__Exercise description__:
Isolate every line in the records below with "Coffee" in it.

__Stored records__:
=== Begin Enclosure ===

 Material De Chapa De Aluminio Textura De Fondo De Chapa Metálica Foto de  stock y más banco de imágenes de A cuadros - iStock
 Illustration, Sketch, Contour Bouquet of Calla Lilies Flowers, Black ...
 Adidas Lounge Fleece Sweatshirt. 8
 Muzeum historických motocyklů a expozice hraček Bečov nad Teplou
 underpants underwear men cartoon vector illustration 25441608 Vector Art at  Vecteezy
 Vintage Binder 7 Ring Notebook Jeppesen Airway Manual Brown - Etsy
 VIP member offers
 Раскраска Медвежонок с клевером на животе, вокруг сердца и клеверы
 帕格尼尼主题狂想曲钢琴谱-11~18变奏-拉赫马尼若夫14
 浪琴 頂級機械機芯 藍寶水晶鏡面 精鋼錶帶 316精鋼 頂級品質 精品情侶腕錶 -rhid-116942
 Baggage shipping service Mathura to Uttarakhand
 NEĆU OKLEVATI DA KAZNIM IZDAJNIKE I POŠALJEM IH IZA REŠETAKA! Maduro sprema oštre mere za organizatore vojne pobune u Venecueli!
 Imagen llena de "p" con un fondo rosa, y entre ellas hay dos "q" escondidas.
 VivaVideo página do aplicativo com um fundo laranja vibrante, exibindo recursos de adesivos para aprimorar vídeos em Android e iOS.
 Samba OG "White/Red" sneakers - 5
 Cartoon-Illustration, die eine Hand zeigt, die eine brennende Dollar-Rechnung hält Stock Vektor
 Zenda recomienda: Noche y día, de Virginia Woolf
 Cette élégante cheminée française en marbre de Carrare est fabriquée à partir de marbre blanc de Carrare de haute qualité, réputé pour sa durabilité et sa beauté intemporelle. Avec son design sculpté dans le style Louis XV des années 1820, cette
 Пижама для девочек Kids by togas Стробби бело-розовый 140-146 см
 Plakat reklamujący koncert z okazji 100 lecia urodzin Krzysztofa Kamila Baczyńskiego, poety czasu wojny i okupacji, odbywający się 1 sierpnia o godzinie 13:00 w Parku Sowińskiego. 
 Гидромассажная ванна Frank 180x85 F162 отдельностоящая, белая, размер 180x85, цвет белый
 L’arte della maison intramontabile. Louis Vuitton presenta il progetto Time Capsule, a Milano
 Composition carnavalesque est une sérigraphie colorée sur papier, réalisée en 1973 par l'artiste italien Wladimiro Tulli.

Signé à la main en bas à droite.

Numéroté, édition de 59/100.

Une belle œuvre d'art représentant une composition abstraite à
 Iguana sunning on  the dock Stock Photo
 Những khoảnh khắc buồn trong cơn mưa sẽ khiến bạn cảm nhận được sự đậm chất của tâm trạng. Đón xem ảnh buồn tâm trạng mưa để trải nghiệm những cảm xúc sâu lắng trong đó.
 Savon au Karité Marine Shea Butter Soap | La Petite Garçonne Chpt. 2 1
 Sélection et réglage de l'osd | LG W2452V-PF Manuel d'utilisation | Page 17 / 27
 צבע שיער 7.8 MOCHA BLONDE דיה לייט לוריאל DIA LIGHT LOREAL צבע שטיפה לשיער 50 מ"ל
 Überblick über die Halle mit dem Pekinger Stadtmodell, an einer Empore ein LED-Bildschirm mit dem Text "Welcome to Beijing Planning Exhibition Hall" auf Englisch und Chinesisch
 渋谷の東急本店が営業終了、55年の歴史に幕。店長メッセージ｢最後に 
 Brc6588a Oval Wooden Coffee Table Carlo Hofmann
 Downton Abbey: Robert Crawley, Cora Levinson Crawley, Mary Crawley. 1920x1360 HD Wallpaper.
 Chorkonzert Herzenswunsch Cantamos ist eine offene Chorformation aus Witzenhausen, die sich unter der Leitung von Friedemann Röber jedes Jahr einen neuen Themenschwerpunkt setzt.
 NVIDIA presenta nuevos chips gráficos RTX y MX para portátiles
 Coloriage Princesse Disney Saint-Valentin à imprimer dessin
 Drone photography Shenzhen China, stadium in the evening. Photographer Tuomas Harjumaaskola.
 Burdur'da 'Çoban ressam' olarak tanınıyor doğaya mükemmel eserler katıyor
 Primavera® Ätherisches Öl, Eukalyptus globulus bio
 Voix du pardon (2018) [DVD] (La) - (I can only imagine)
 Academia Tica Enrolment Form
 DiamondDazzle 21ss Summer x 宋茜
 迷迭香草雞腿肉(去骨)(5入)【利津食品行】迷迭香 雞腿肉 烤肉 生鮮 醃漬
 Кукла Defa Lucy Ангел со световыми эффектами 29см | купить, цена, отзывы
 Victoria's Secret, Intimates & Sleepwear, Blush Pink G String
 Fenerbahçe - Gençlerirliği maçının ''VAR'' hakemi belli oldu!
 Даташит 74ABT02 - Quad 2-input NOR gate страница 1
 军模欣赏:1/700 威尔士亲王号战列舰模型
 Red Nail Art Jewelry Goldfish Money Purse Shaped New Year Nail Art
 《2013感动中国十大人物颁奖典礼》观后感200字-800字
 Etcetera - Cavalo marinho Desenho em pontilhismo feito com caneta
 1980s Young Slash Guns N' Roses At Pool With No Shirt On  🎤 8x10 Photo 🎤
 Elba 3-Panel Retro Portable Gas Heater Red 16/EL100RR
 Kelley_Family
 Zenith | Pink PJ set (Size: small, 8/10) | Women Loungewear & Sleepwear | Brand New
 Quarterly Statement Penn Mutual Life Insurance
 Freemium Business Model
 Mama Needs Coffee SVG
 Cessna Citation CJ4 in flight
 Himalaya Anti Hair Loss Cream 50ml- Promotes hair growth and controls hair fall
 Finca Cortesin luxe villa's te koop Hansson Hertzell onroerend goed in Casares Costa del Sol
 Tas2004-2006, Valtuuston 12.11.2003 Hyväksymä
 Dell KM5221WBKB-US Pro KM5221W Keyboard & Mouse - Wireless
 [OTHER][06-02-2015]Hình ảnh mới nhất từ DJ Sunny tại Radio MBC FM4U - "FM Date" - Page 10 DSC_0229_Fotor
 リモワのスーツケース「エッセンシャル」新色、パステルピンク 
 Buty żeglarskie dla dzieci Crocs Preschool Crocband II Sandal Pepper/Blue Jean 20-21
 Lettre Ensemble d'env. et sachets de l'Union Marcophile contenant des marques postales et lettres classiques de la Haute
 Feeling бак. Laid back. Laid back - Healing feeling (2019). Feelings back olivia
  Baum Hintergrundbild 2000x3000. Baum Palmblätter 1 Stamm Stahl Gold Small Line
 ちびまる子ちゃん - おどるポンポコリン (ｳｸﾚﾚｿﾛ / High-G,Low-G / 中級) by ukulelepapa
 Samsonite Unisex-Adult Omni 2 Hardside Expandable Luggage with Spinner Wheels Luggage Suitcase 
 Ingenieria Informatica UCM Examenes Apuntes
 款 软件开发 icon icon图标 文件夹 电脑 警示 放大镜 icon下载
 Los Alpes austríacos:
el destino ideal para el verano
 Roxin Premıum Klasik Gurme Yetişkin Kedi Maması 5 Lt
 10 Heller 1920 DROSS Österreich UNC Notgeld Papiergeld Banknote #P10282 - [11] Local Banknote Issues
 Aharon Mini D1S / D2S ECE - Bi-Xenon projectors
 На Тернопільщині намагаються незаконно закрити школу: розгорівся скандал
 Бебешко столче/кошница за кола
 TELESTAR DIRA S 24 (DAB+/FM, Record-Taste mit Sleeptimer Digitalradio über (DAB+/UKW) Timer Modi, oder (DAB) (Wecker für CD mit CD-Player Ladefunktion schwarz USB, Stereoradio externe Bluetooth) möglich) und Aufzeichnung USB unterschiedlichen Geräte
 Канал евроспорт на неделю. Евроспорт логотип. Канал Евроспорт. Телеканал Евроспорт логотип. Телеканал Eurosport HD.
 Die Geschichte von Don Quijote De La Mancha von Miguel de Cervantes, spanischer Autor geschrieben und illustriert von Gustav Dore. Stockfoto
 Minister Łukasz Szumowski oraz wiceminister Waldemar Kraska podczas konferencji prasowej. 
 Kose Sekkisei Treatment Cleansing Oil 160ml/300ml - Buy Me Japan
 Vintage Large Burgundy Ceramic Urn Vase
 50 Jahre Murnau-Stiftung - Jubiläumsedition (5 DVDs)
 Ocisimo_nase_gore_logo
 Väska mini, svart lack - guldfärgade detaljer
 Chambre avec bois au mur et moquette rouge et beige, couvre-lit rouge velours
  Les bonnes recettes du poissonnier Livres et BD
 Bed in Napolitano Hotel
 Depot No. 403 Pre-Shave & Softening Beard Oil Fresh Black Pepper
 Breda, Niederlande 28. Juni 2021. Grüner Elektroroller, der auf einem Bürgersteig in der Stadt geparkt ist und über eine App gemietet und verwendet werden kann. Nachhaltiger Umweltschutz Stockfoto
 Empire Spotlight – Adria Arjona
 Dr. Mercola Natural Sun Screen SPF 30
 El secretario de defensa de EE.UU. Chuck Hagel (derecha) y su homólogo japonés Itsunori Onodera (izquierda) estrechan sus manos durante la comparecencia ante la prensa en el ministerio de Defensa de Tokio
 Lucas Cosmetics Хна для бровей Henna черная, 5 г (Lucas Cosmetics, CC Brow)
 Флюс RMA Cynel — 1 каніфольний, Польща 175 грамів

=== End Enclosure ===

__Solved problem__:
 Brc6588a Oval Wooden Coffee Table Carlo Hofmann
 Mama Needs Coffee SVG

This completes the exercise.